''Unuttum deme inanmıyorum''..
Hafıza-ı beşer nisyan ile malül derler.CHP'liler 1978'de bir kanun değişikliğiyle MSP'nin kapatılmasını önlediklerini unutmuşlar.
Deniz Baykal dönemin Enerji Bakanıydı. Ali Topuz, önder Sav CHP'nin ağır toplarıydı.
Kemal Anadol etkili değildi partide, onu geçelim.
Ama o kanun değişikliğine onay verdiği açık. Unutmuşlar işte.
Cahit Kayra'nın anılarını okuyordum.. CHP Genel Yönetim Kurulu üyesiydi.. MSP'nin kapatılması olayını tartıştıklarını anlatıyordu. Not almıştım.
Derken Zaman'da çıkan bir haberde konu yer aldı.
CHP'nin ön ayak olmasıyla MSP'nin kapatılması önlenmişti.
Siyasi Partiler Kanunu'nunda yapılan değişikliğe göre kapatmaya ilişkin suç isnatları kesinleşmiş mahkeme kararlarına dayanacaktı. Dayanışmaya bakar mısınız?
Adalet Partisi ve MHP de destek vermişti. Gelin görün ki Baykal da unutmuş.
Balık hafızası diyeceğim ama..
O da yalan çıktı.
***
Olay şuydu..
Dönemin Yargıtay Başsavcısı MSP'ye ihtarda bulunmuştu.
İhtar gerekçesi MSP Lideri Erbakan'ın 1977'de Urfa'da yaptığı konuşmaydı.
Eğer MSP, kendi liderini ihraç etmezse duman olacaktı.

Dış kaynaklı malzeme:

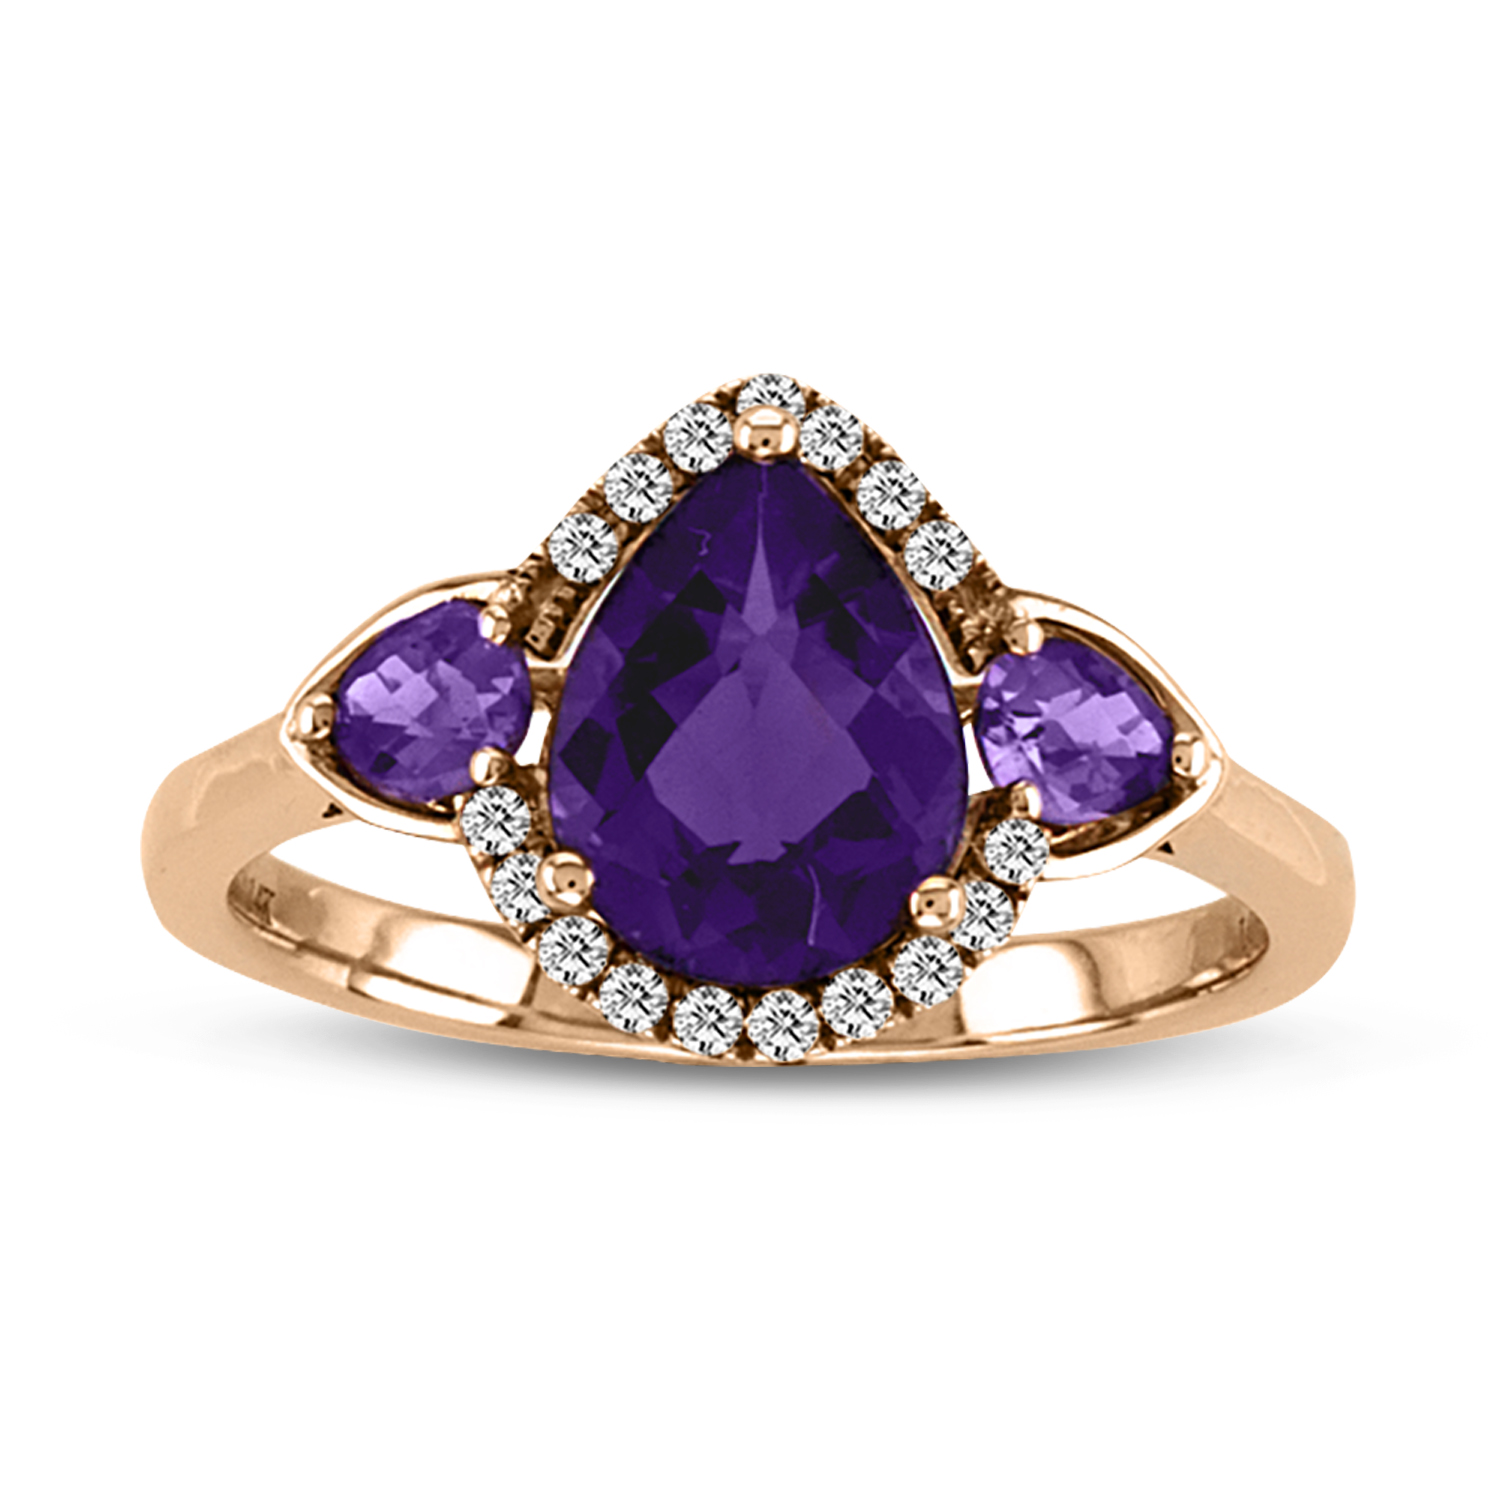 View Diamond and Amethyst Fashion Ring in 14k Rose Gold

Yani kapatılacaktı. Durum tuhaftı.
Bir ay sonra Ecevit, Başbakan oldu.
MSP'nin durumunu parti yönetiminde gündeme getirdi. Saatlerce tartıştılar. Ecevit son noktayı koydu:
“MSP kapatılırsa bunun politik yükü üzerimizde kalır.”

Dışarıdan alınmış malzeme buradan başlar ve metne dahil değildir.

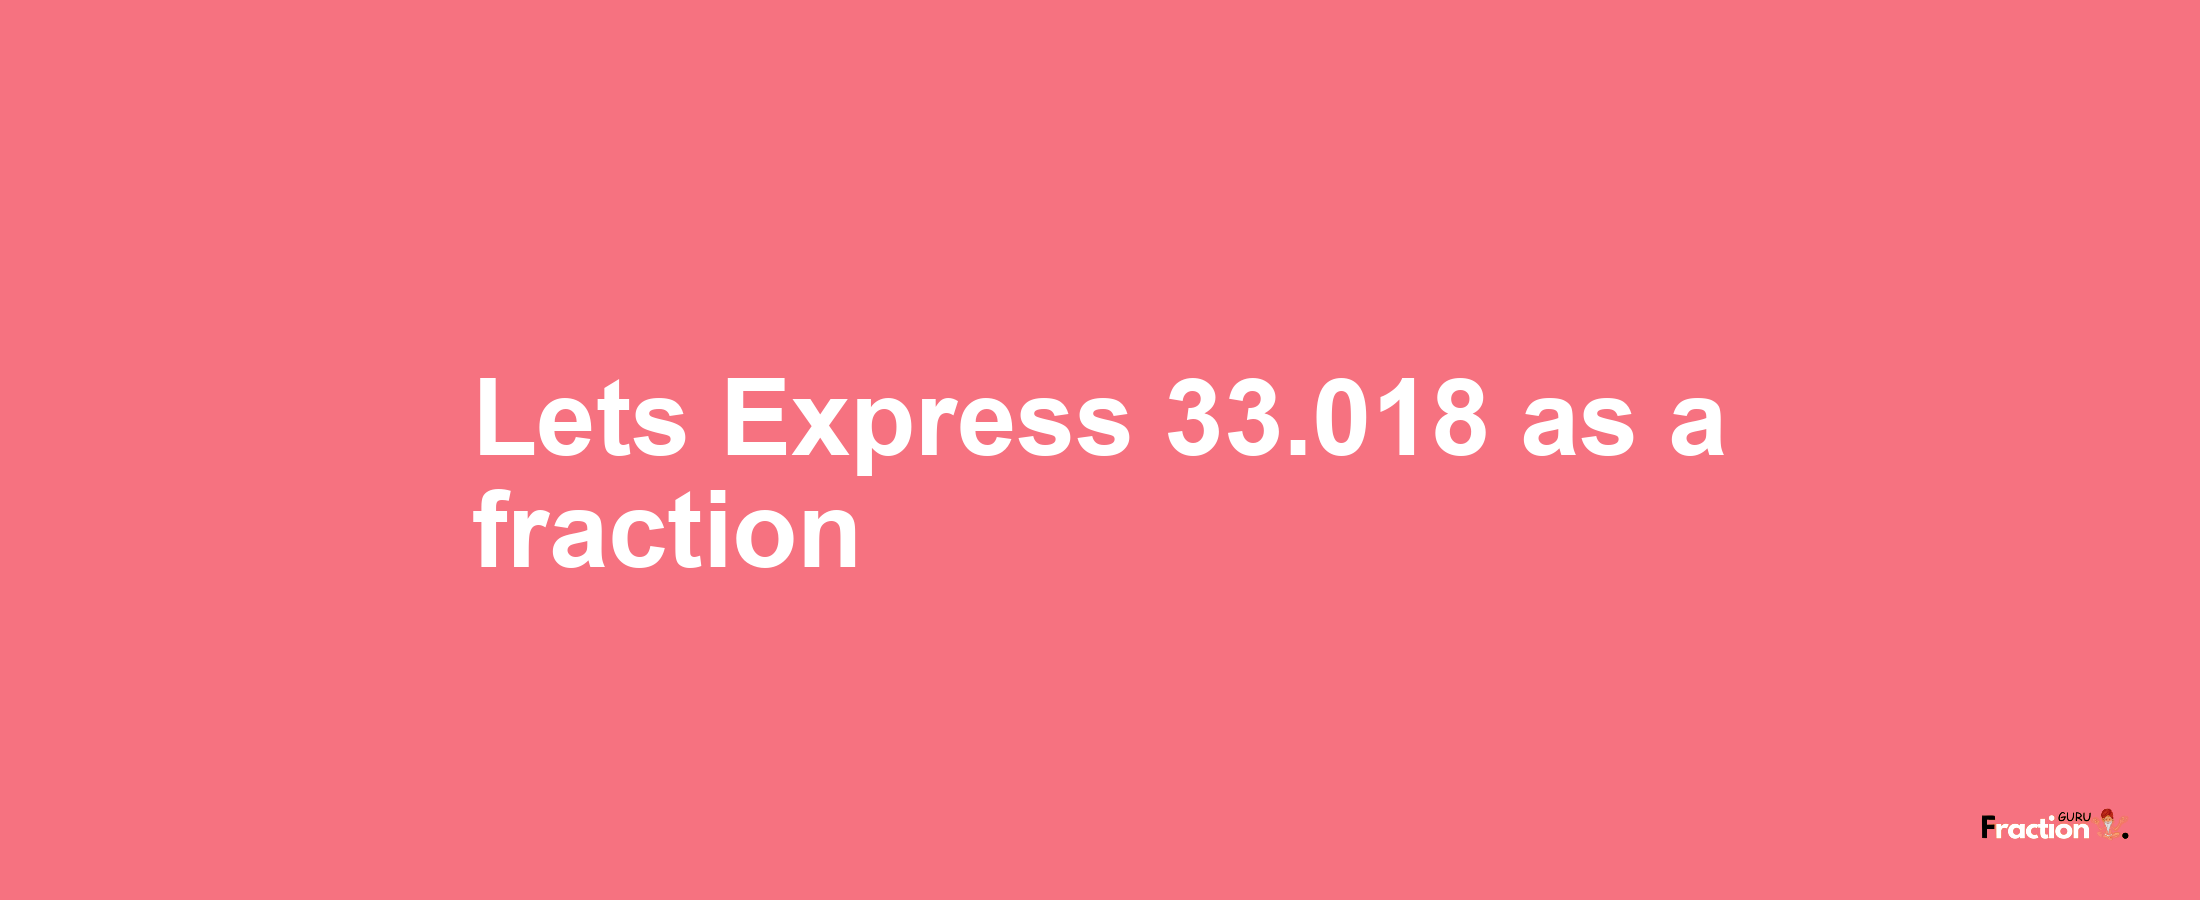 Lets Express 33.018 as afraction

CHP, “Erbakan ve MSP'nin savunulması” kararı aldı.
Kayra'nın ibaresi aynen böyle.
Kararın gereği de yerine getirildi.
Cumhurbaşkanı Fahri Korutürk'ün vetosuna rağmen değişiklik gerçekleşti.
Erbakan da kurtuldu.. MSP'de.
***
Yalçın Doğan “Dar Sokakta Siyaset” kitabında genişçe anlatır.
12 Eylül askeri yönetimi partileri kapatacaktı. Kimi Adalet Parti'liler seviniyordu. 27 Mayısçılar DP'yi kapatmış, CHP'yi açık tutmuştular.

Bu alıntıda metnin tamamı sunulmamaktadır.